Pork Bafad
Ingredients
1 Kg. Pork (Medium or Less Fat) Cubed as desired, cleant, washed & strained
1/2 Kg Onions, diced finely
12 Green Chillies slit
2 Pods Garlic, Chopped
4 inches Ginger, Chopped
1/2 cup of Tamarind Pulp (Thick)
1/4 cup of Vinegar
11/2 inch Cinnamon, 7-8 Peppercorns, 4 Cloves (Pounded Coarsely)
4 Tej Patta
Salt to taste
To be dry ground:
5 – 6 Cloves
2 Inches Cinnamon
7-8 Peppercorns
1 Tsp Turmeric Powder
11/2 Tsp Cummin Seeds
1 Tblsp Coriander Seeds
8 Madras Chillies
12 Kashmir Chillies
Method
- Mix all the ingredients mentioned including the masala and salt with the pork.
- Cover and cook till it boils and pork pieces leave water.
- Check for salt and vinegar. If needed.
- Stir occasionally to prevent the pork sticking to the bottom of the vessel.

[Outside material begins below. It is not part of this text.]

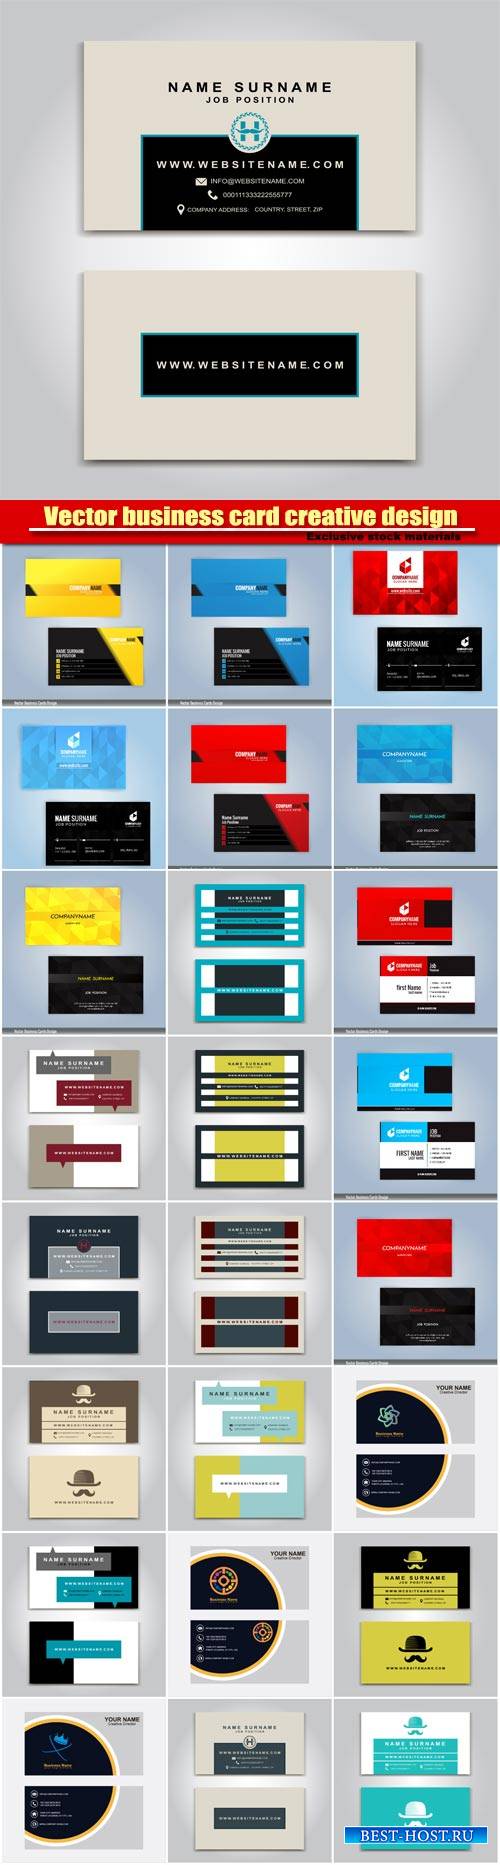 Vector business card creative design

- Cover and lower the gas to medium or a little less than medium and cook till the pork meat pieces are tender.
- It tastes best when made a day or before eating.
- For storing in the refrigerator, heat thoroughly stirring the meat to the heat.
- Then cool it totally and store in the refrigerator.
- Remove as much quantity required, heat and serve.